Paralelamente, desde 2005 se contó con un programa de fortalecimiento del Sistema Nacional de Areas Protegidas, coordinado por el Ministerio del Ambiente y el MGAP. Dotado con casi 8 millones de dólares, uno de sus componentes debía haber sido dejar en claro la importancia económica y productiva de mantener áreas naturales protegidas. Si esto hubiera funcionado, el entorno presidencial ya debería saber que las dunas del Cabo Polonio y otros sitios naturales no son inútiles, y que su conservación tiene beneficios ambientales pero también económicos.
No puede decirse que el Estado no tenía recursos para explorar alternativas a las contradicciones entre ambiente y desarrollo, ni que la presidencia nada sabía sobre estos proyectos. Pero parecería que se fracasó en dejar en claro, o entender, esos mensajes.
Es así que una y otra vez se minimizan los impactos ambientales. No comentaré sobre las imprecisiones más gruesas de los recientes dichos presidenciales, tales como hablar del poco consumo de agua por Aratirí, pero nada decir sobre su embalse de relaves de más de 2400 has., o hablar sobre los “ingresos” que tendría el gobierno, sin que se sepa si alguien calculó las pérdidas (desde las agropecuarias hasta los subsidios en energía y aguas).
Se intenta, en cambio, centrar la discusión pública en cuánto cobrarle a la empresa, y cómo invertir y distribuir ese dinero, y no sobre la conveniencia de la minería en sí misma.
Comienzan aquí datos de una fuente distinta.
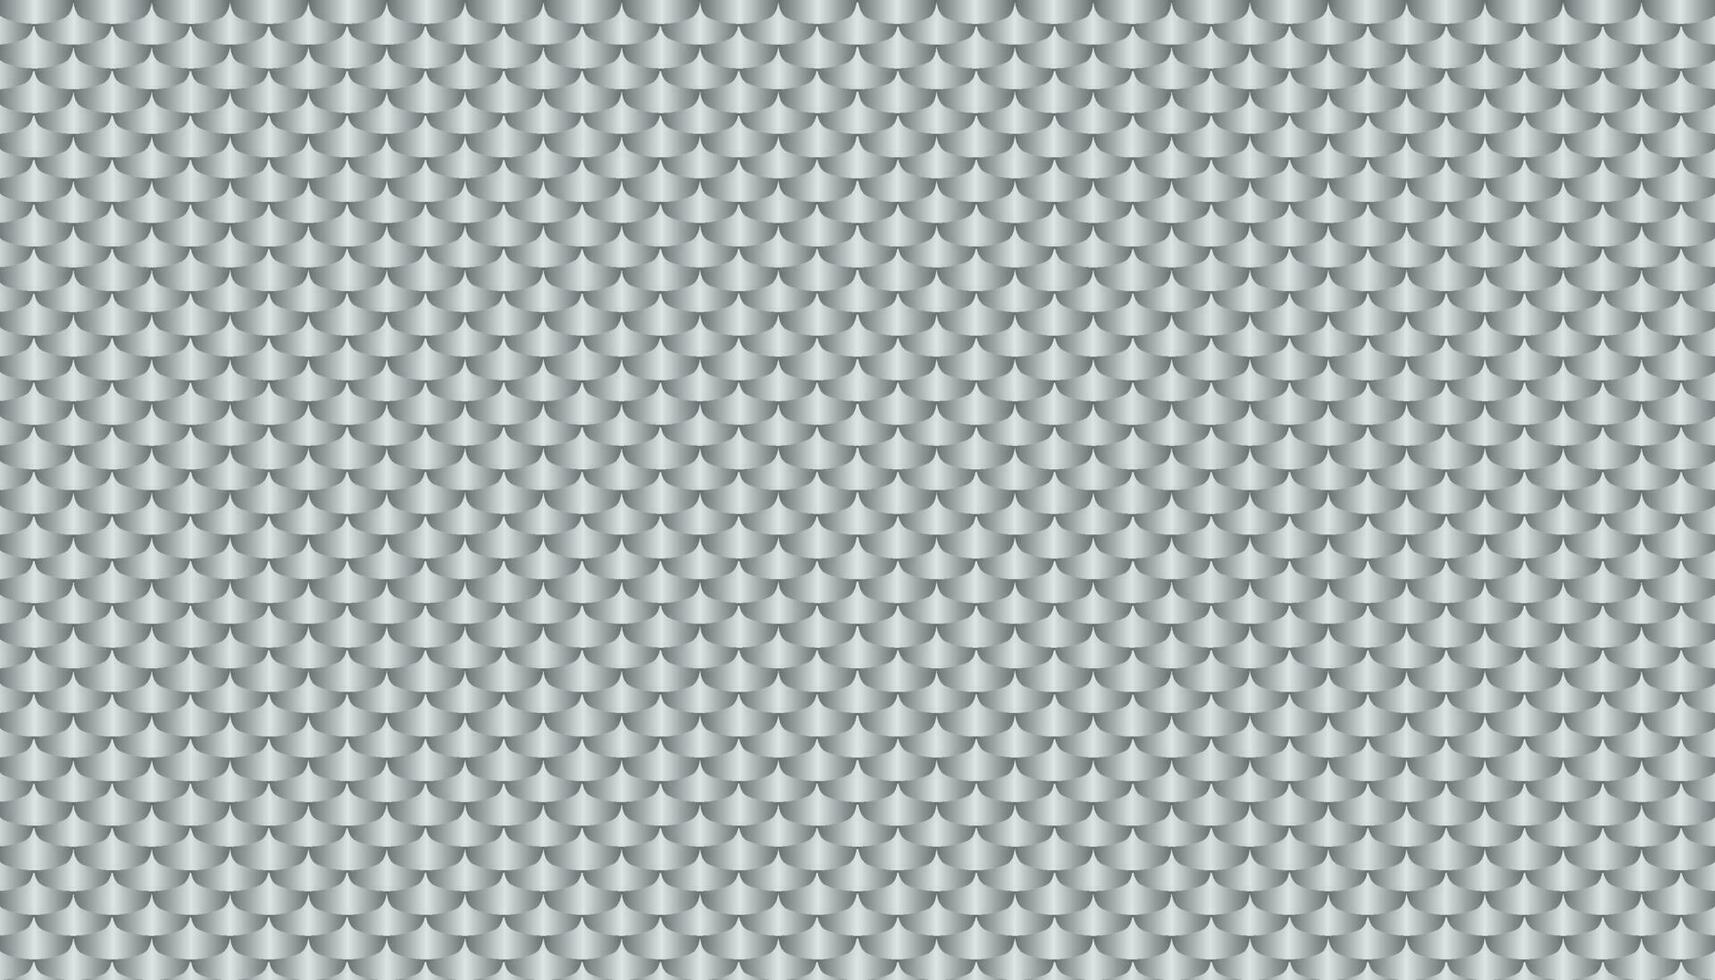 geborsteld metaal zilver, grijs vlok structuur naadloos virtueel achtergrond voor online conferenties, online uitzendingen. abstract ontwerp vector illustratie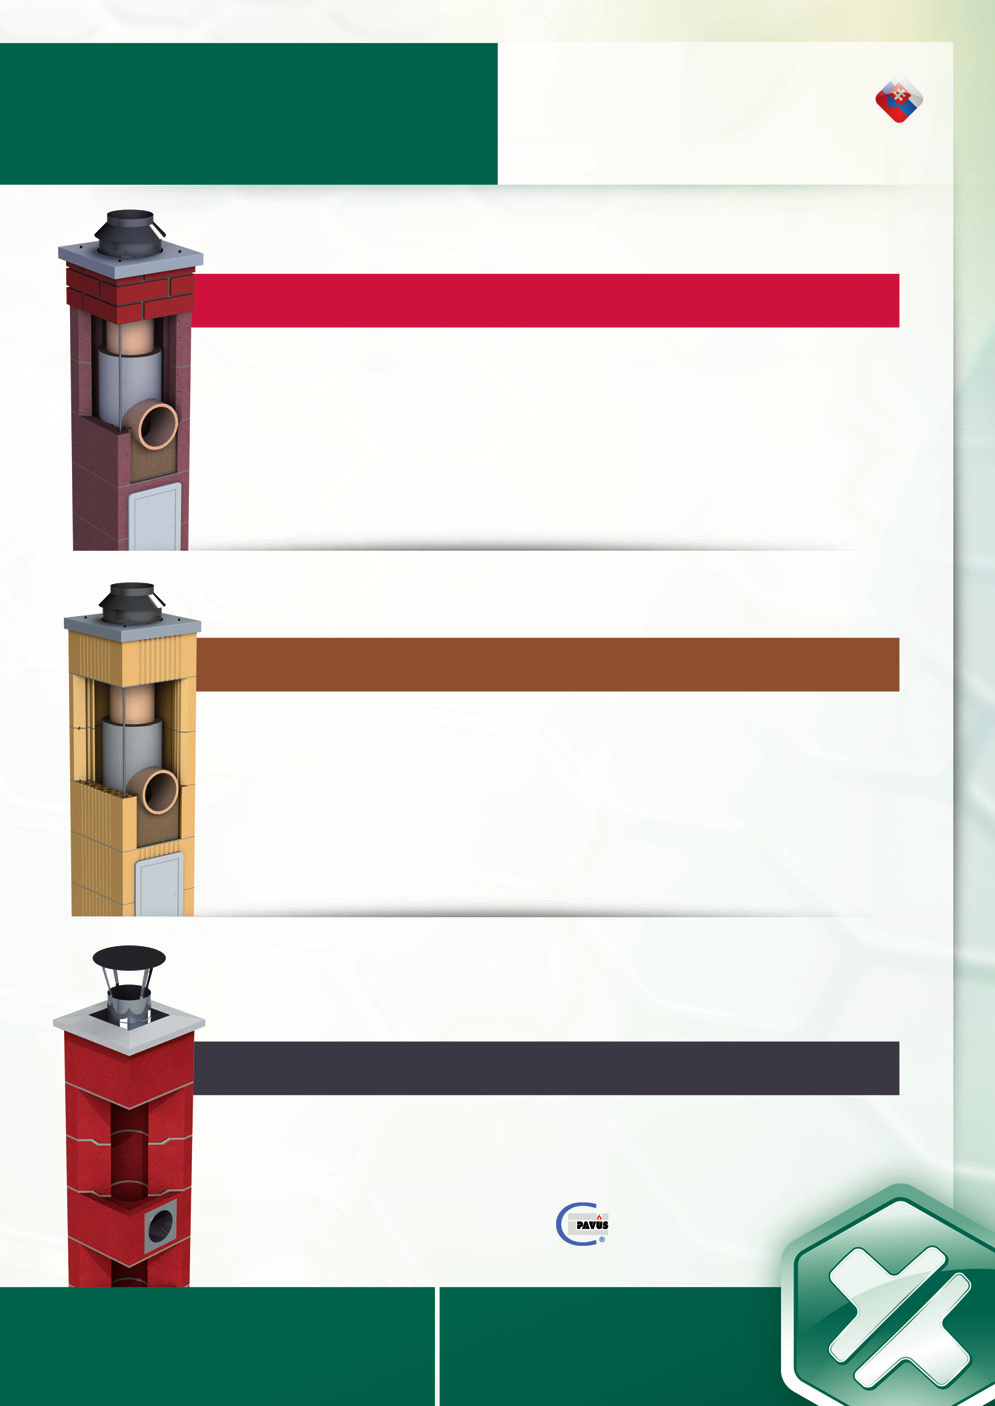 CENNÍK SK CLASSIC Trojzložkový komínový systém najvyššej kvality, tvorený presnou a ľahčenou keramzitbetónovou tvárnicou, špeciálnou tepelnou izoláciou a keramickou šamotovou vložkou.

Eso implica sopesar los impactos productivos, sociales y ambientales solamente por sus beneficios o compensaciones económicas. Si el impacto es muy elevado, reclamaríamos una mayor tajada de la rentabilidad de la empresa, buscando cruzar un umbral donde la gente esté dispuesta a aceptar el deterioro de paisajes o la contaminación.
Ese camino ya se ha intentado en varios países, y casi siempre termina mal. Veamos: En Estados Unidos, la ultraconservadora Sarah Palin con orgullo enviaba un cheque anual a cada poblador con su tajadita de la ganancia petrolera; una medida indispensable para tolerar la destrucción de las áreas naturales en Alaska. Si la idea presidencial es repartir un bono de las ganancias mineras entre cada uruguayo, estaríamos repitiendo la estrategia neoliberal inaugurada por Gonzalo Sánchez de Losada años atrás, en Bolivia. Pero más recientemente, en ese mismo país, Evo Morales ha diseminado todavía más un impuesto directo a los hidrocarburos, que en buena parte va a comunidades locales pero sin efectividad en generar desarrollo genuino, aunque muy efectivo en disparar disputas sobre su monto, reparto y manejo.
Las compensaciones económicas no diversifican las economías, y son ecológicamente ciegas (por más dinero que reciba un poblador local, el suelo fértil perdido o los árboles talados, no necesariamente se recuperarán). Mirar a Noruega, como hizo Mujica, tampoco es correcto, ya que sus hidrocarburos se obtienen en el mar, mientras que el hierro uruguayo no viene del océano, sino que reemplazará tierras agrícola-ganaderas, un recurso que es renovable de aquí a la eternidad.
Nos acecha también el extremo por el cual los más pobres y los asalariados terminan defendiendo la expoliación ecológica. Hay una larga lista de sindicatos que defienden la minería, a pesar de los impactos sobre su propia salud. El caso más dramático tiene lugar en La Oroya, en Perú, una de las diez ciudades más contaminadas del planeta. Allí, muchos de sus pobladores y sindicatos defienden a la minera y la siderurgia local, ante al temor de perder sus fuentes de trabajo, aunque eso los está matando poco a poco.
Frente a estos casos me pregunto, ¿es un buen camino para la izquierda uruguaya repetir a los conservadores de Estados Unidos, copiar la problemática boliviana, o apostar a la lógica del sacrificio?